Pressemitteilung Donnerstag, den 19. September 2019

Osterholz Bleibt unterstützt Klimastreik – Osterholz Bleibt Demonstration in Wuppertal-Elberfeld am 28. September.

Während in Berlin das Klimakabinett tagt und in New York einer der wichtigsten UN Gipfel des Jahres vorbereitet wird, wird morgen, den 20. September 2019, zum größten globalen Klimastreik aller Zeiten aufgerufen. Auch Osterholz Bleibt wird dabei sein. René Schuijlenburg, einer der Pressesprecher von Osterholz Bleibt sagt: „Auch wir rufen zur Teilnahme am Klimastreik am 20. September auf. Zusammen mit Fridays For Future, dem Klimanetzwerk Wuppertal und vielen anderen werden wir uns um 11:00 Uhr auf dem Bahnhofsvorplatz am Hauptbahnhof Wuppertal sammeln und danach zum Barmer Rathaus laufen. Wir erwarten,dass viele Menschen teilnehmen werden.“

Der 20. September ist der Auftakt einer Aktionswoche für das Klima. Osterholz Bleibt wird sich an einer Vielzahl von Aktionen beteiligen und organisiert am 26. September zusammen mit den Falken auch einen Diskussionsabend mit dem Titel: „Osterholz – Wald schützen oder Wald roden?“ Der Diskussionsabend startet um 19:00 Uhr im Bildungsforum auf der Robertstraße 5a in Wuppertal-Elberfeld.

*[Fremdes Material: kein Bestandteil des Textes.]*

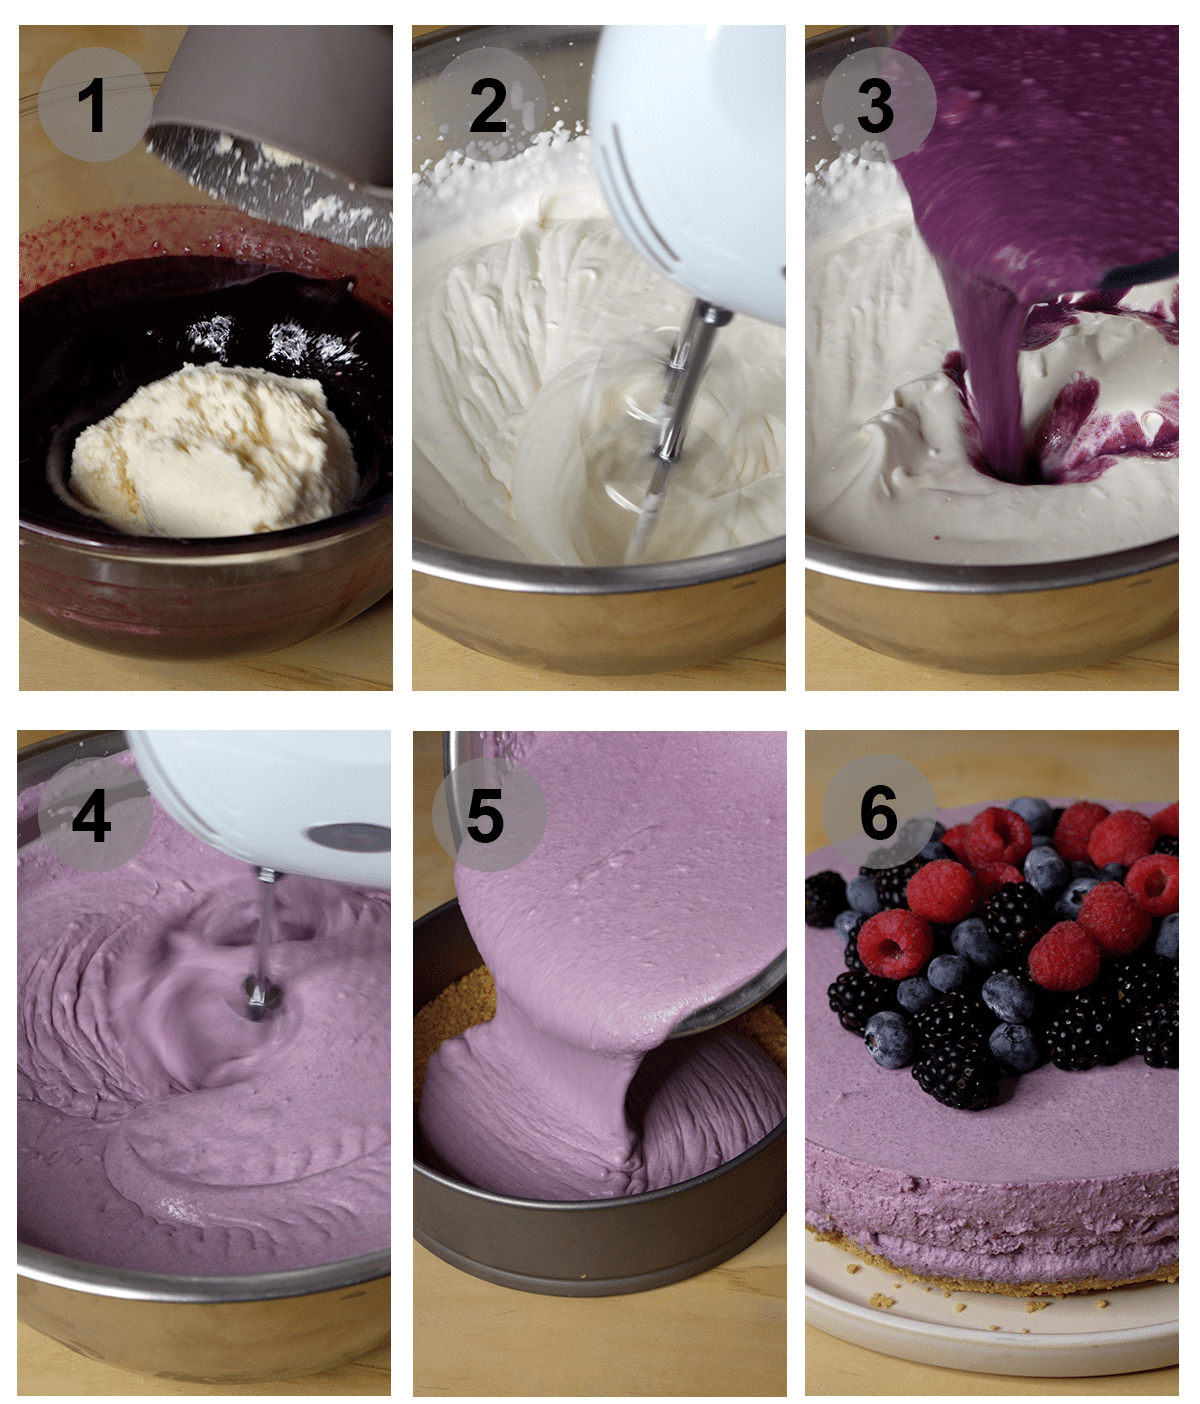 Step by step photos on how to make the berry mousse and assemble the cake

Am 28. September organisiert Osterholz Bleibt eine Demonstration in Wuppertal-Elberfeld. Motto der Demonstration ist: „Ob Amazonas, Hambi oder Osterholz – Jeder Baum zählt!“ Die Demonstration startet um 13:00 Uhr auf dem Bahnhofsvorplatz am Hauptbahnhof Wuppertal (Elberfeld). Die Demonstration am 28. September thematisiert nicht nur die geplanten Rodungen im Osterholz Wald, sondern auch weitere Rodungen und die Beseitigung von Grünstreifen. In und rund um Wuppertal gibt es Pläne, Grünstreifen, wie die Kleine Höhe, zu versiegeln, sowie Platanen und einen alten Ahorn in Elberfeld zu roden. Pläne für Rodungen für die Verbreiterung der A3, vom Kreuz Hilden bis zum Kreuz Leverkusen und im Osterholz Wald sollen rund 1000 Bäume für den Abfall des Kalksteinbruchs Oetelshofen auf der Grenze von Wuppertal-Vohwinkel und Haan-Gruiten gerodet werden. An der anderen Seite von Wuppertal plant die Stadt Schwelm die Versiegelung von Grünstreifen für ein Gewerbegebiet in Schwelm-Linderhausen. In Wuppertal Nächstebreck sollen 63 000 Quadratmeter für eine Gewerbefläche geopfert werden. Also auch an der Ostseite von Wuppertal wird munter weiter versiegelt. Der Nächstebrecker Bürgerverein hat immerhin erreicht, dass die ursprünglich geplante Fläche, welche für das Gewerbegebiet in Nächstebreck gerodet und versiegelt werden soll, um rund 50% reduziert werden konnte. 63.000 Quadratmeter ist aber immer noch zu viel. Insgesamt werden die oben genannten Pläne negative Folgen für die Luftqualität und Temperatur in Wuppertal, den Klimawandel und die Artenvielfalt haben. Bäume im Wald, auf Grünstreifen und in der Stadt speichern nicht nur CO2, sie kühlen auch ab.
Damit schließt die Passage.